Fig. 2 contains a graph, 201, illustratively displaying the relationship between pulse power and temperature rise in a pulsed system, for example the illustrative TDMA phone system of Fig. 1. The TDMA phone system has been chosen as an example embodiment familiar to those skilled in the art. Those skilled in the art will appreciate that the discussion is equally applicable to other systems, such as CDMA phones, PCS phones, portable phones, and other pulsed power applications, both within and outside of the communications arts..

In Fig. 2 the solid waveform, 203, represents the output power level of a pulse power system, for example the illustrative TDMA phone system of Fig. 1. The dashed line 205 represents the temperature change in an output device. The graphs of the output power and temperature rise have been adjusted, so that the relationship between the output pulse power and the temperature rise can be clearly illustrated. The graphs of the output power and temperature rise are used for comparison of the timing between the two, and no absolute vertical scale is intended.
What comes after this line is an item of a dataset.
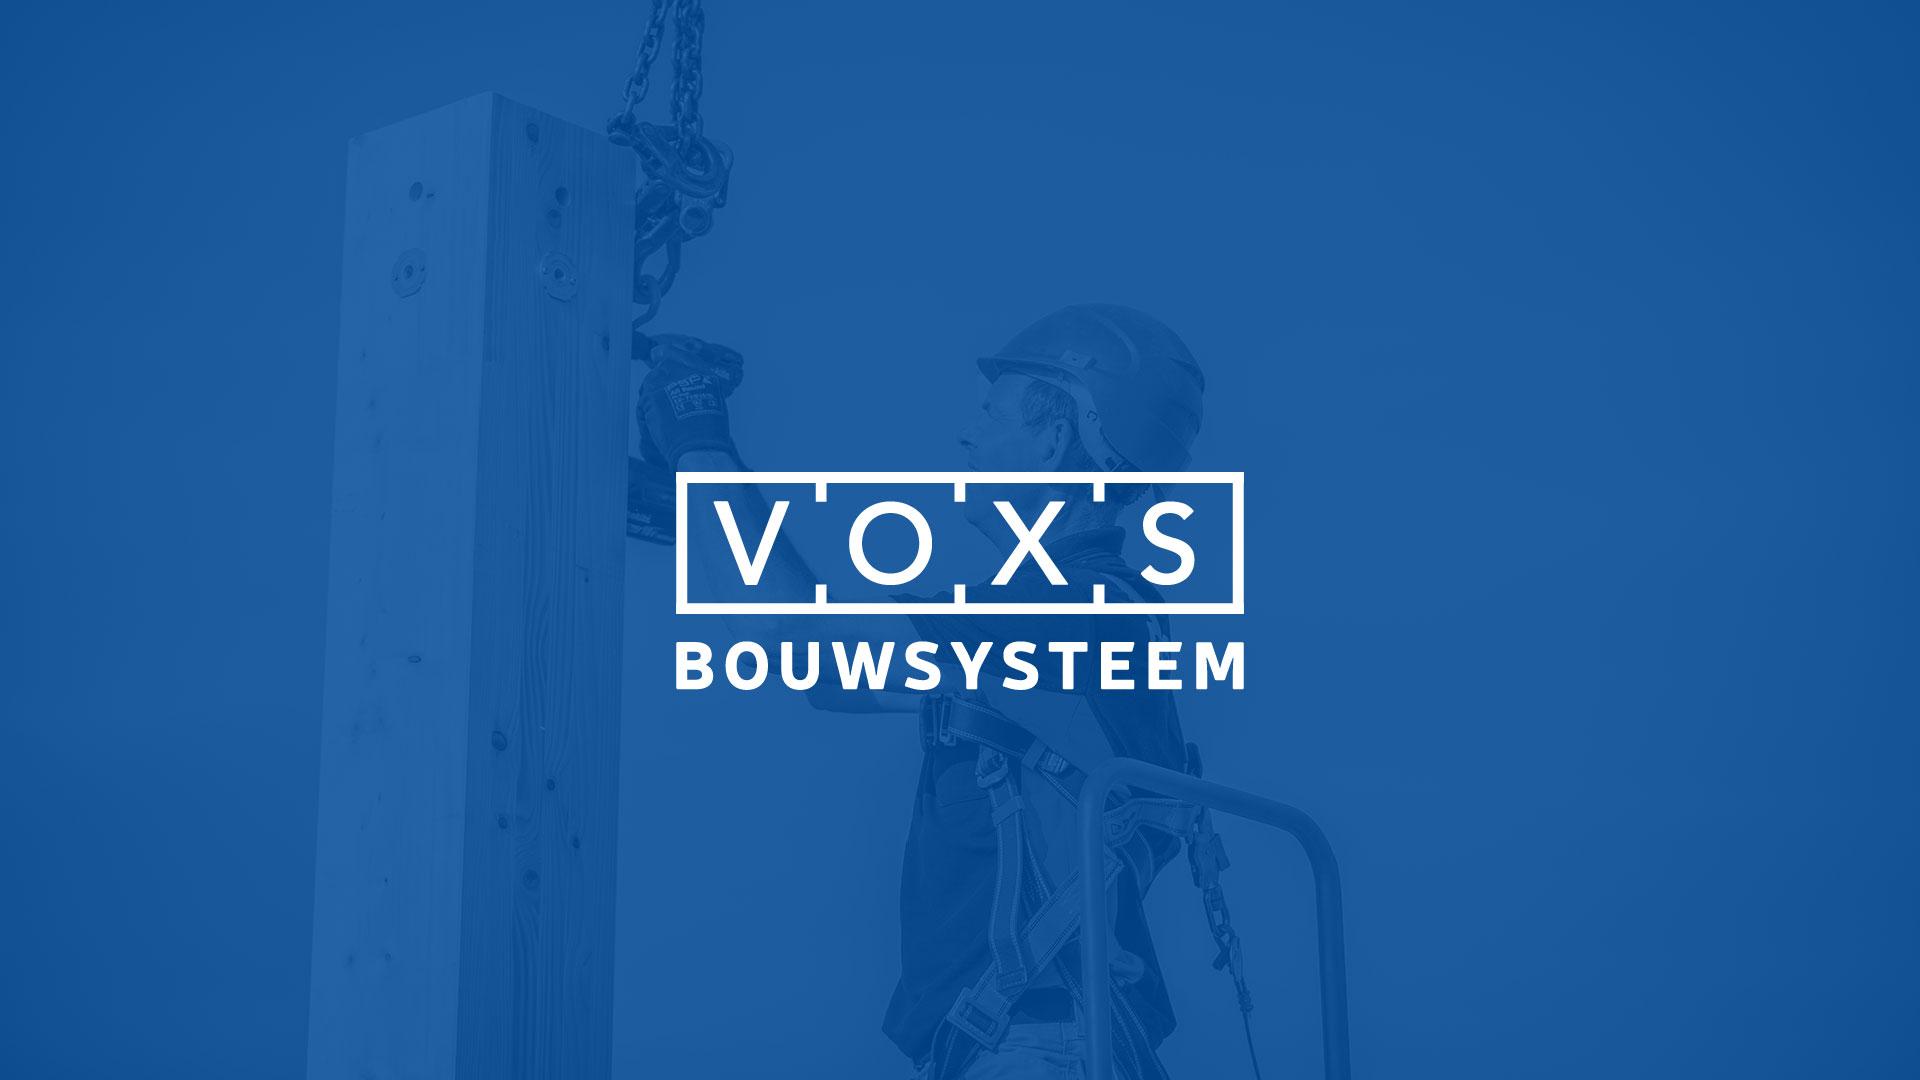 VOXS-005-01-02.jpg

The graph, 201, illustrates three power pulses labeled 211,213, and 215. Pulse 211 turns on at 217, and turns off at 219. During the period from 217 to 219 the power device is dissipating power. When the pulse turns on at 217, the temperature of a power device within the system, as shown by the dashed temperature line 205, begins to rise. At point 219, the power pulse turns off, no more heat is being added by the power device, and the system begins to cool. The system continues to cool until 221, when pulse 213 turns on. The temperature of the power device once again rises until point 207, at which point pulse 213 turns off. When pulse 213 turns off there is no heat being dissipated by the power device, and the temperature falls until 209, when pulse 215 turns on. Fig. 2 illustrates a system that has been operating for a time period which is sufficiently long as to achieve overall temperature equilibrium. That is the system has been operating long enough so that the temperature rise caused by a power pulse is equal to the temperature decrease during the time when the pulse is absent. Fig. 2 is illustrative of the fact that, even when a pulsed system is operating and has achieved equilibrium, there are temperature excursions within the system, caused by the turning off and on of the power device. Those temperature excursions, which result from the cycling of the power device, may cause thermal stress. Eliminating the temperature excursions, or minimizing them, may have beneficial effects in limiting the range of thermal cycling, and therefore the thermal stress, in operation. A reduced temperature range can reduce mechanical stress on the device, due to those temperature variations, and thereby improve the reliability of the device and the overall system.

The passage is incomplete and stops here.